Thursday, February 4, 2016

US productivity falls sharply in fourth quarter

US productivity falls sharply in fourth quarter

[WASHINGTON] US nonfarm productivity fell in the fourth quarter at its fastest pace in more than a year, leading to a jump in labour-related production costs.
The Labour Department said on Thursday that productivity, which measures hourly output per worker, declined at a 3.0 per cent annual rate, the biggest drop since the first quarter of 2014. Productivity rose by a downwardly revised 2.1 per cent rate in the third quarter.
Economists polled by Reuters had forecast productivity falling at only a 1.8 per cent rate last quarter after expanding at a previously reported 2.2 per cent pace in the third quarter.
The weak productivity reflects a sharp slowdown in gross domestic product growth during the quarter and an acceleration in the pace of hiring. Economic growth slowed to a 0.7 per cent rate in the final three months of 2015, while nonfarm payrolls rose by an average 284,000 jobs per month.
Productivity grew 0.6 per cent in 2015, the smallest increase since 2013. Productivity increased at an annual rate of less than 1.0 per cent in each of the last five years. The average annual rate of productivity growth from 2007 to 2015 is 1.2 per cent, well below the long-term rate of 2.1 per cent from 1947 to 2015.
Economists blame softer productivity on a lack of investment, which they say has led to an unprecedented decline in capital intensity.
While weak productivity has boosted employment growth as companies hire more workers to increase output, economists say it has contributed to stagnant wages and lowered the economy's speed limit.
In the fourth quarter, hours worked increased at a 3.3 per cent rate.

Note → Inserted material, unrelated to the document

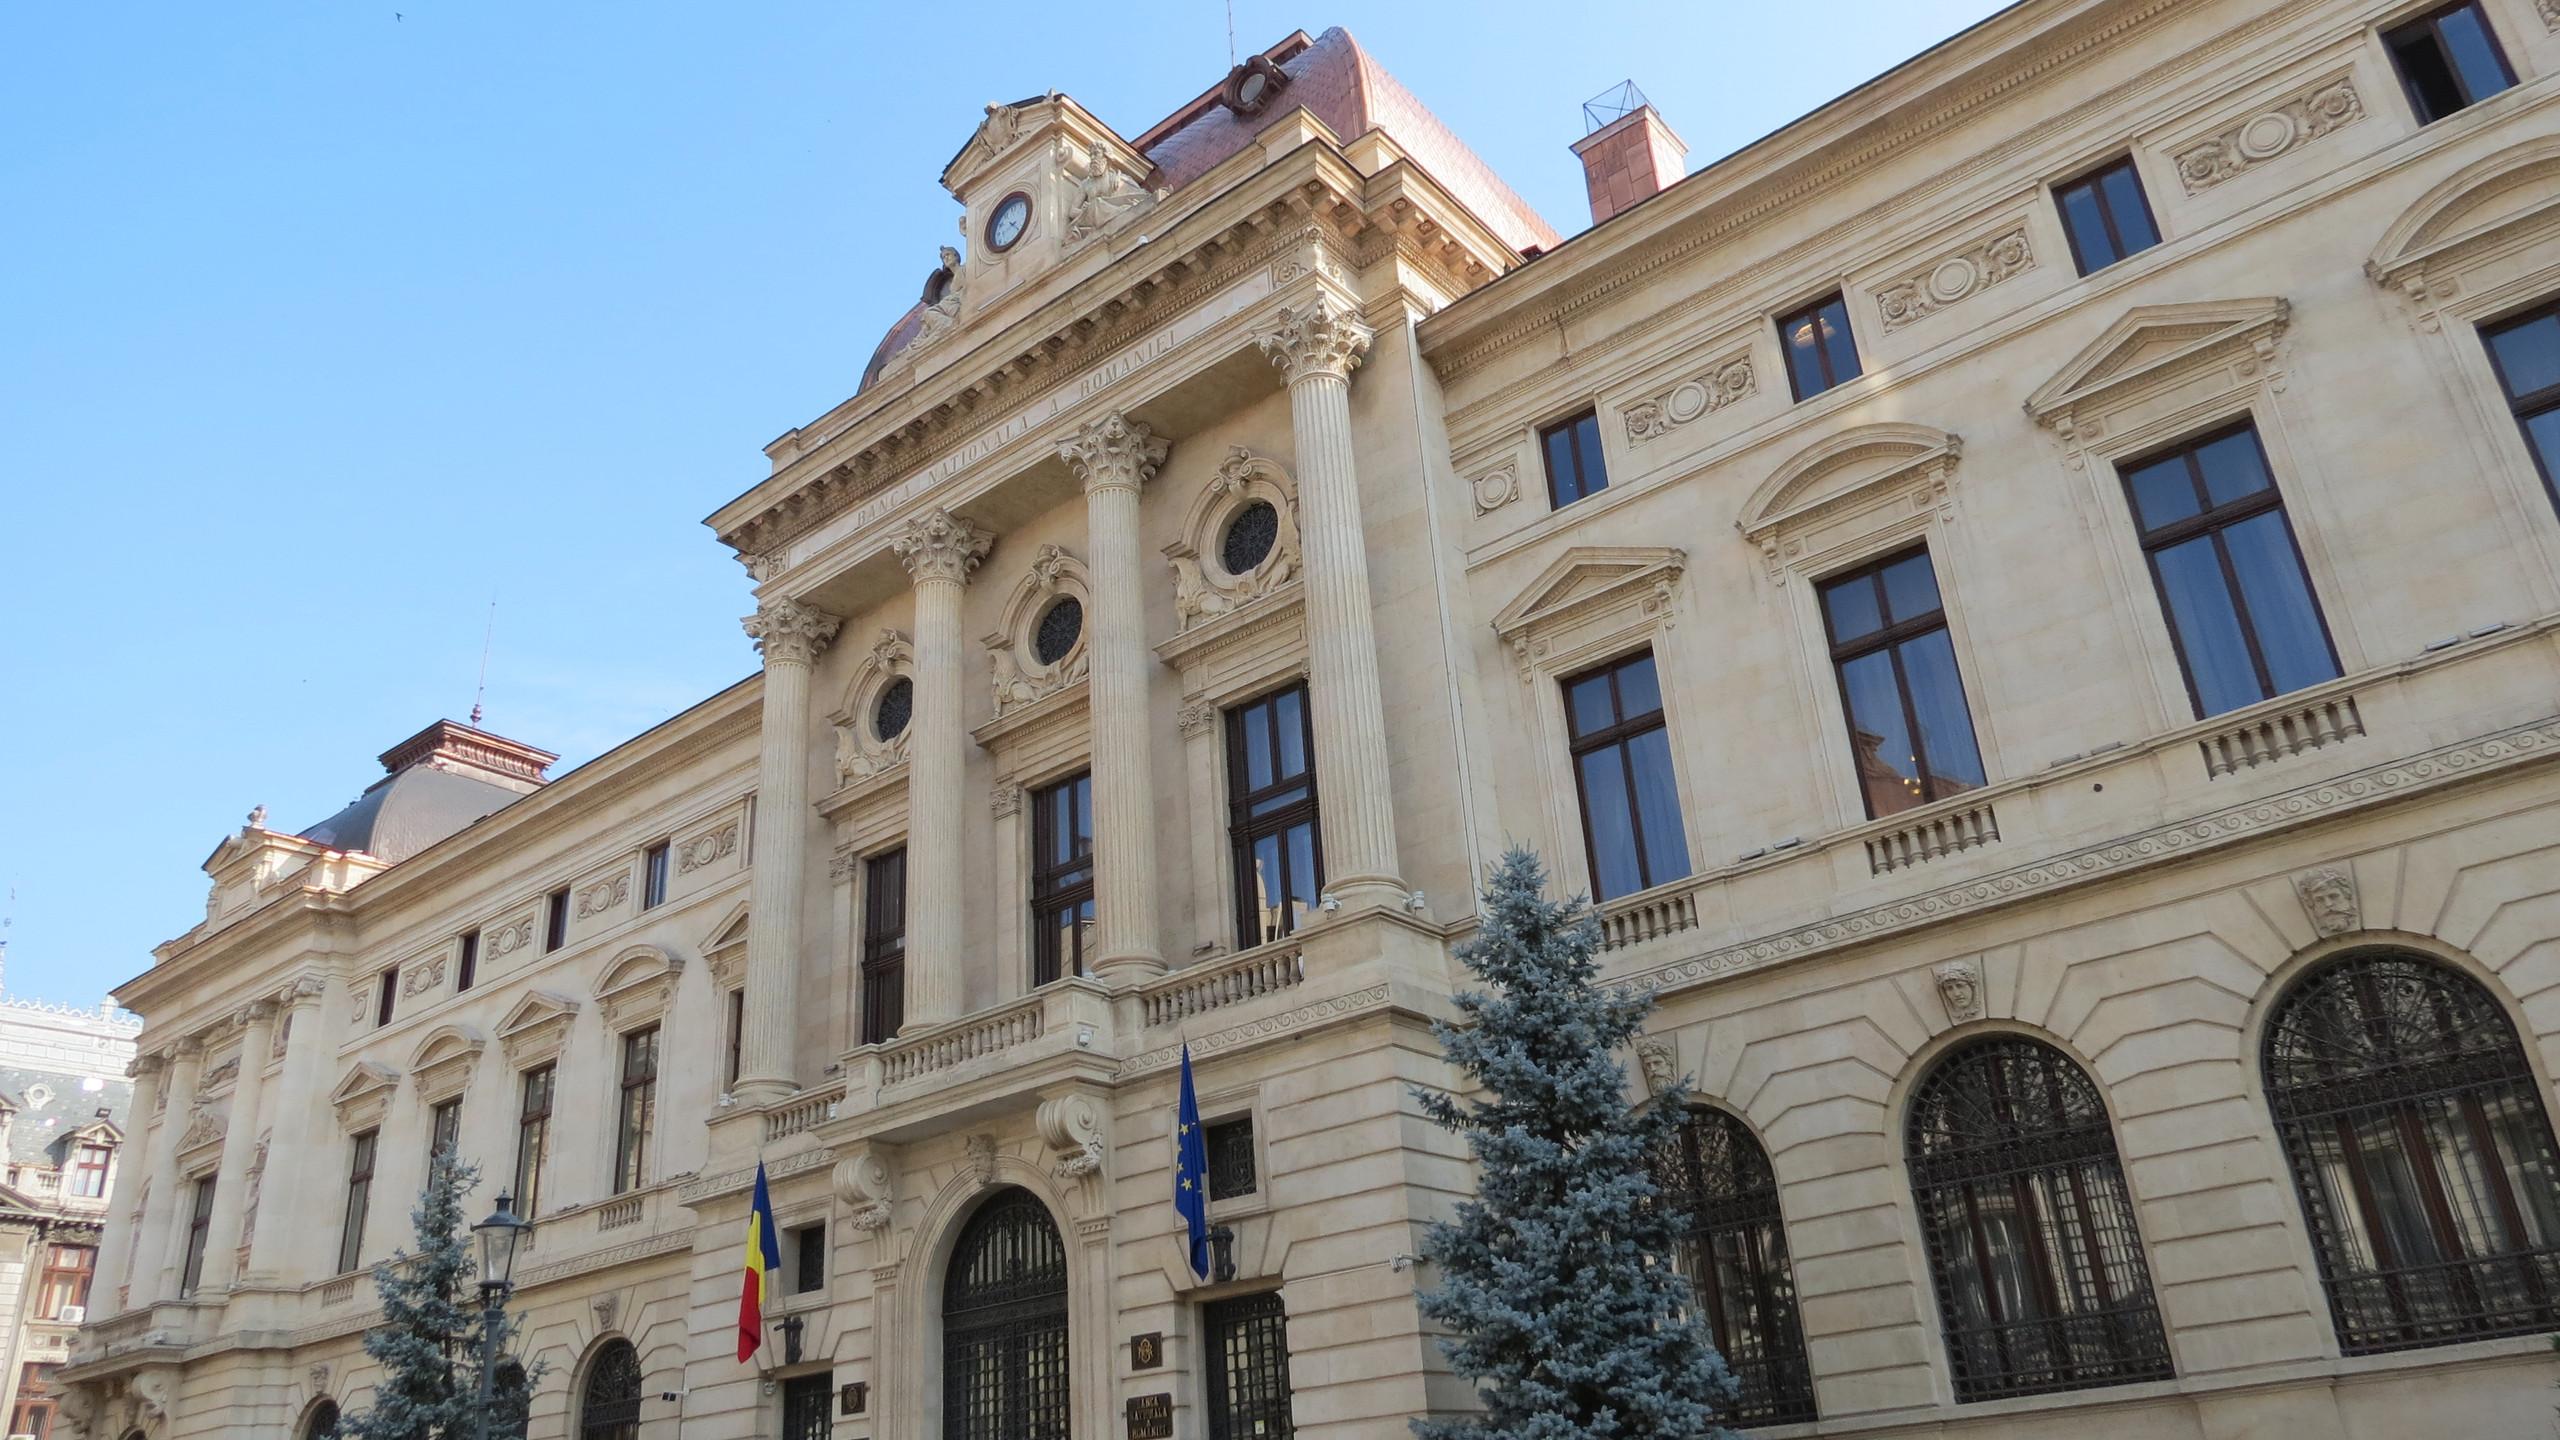 158 - Old Bucharest

Unit labour costs, the price of labour per single unit of output, advanced at a 4.5 per cent pace, the fastest rate in a year.
Unit labour costs increased at a 1.9 per cent rate in the third quarter and rose 2.4 per cent in 2015, the largest gain since 2007.
Compensation per hour increased at a 1.3 per cent rate in the fourth quarter after rising at a 4.1 per cent rate in the third quarter. Compensation increased 3.0 per cent in 2015, also the largest increase since 2007.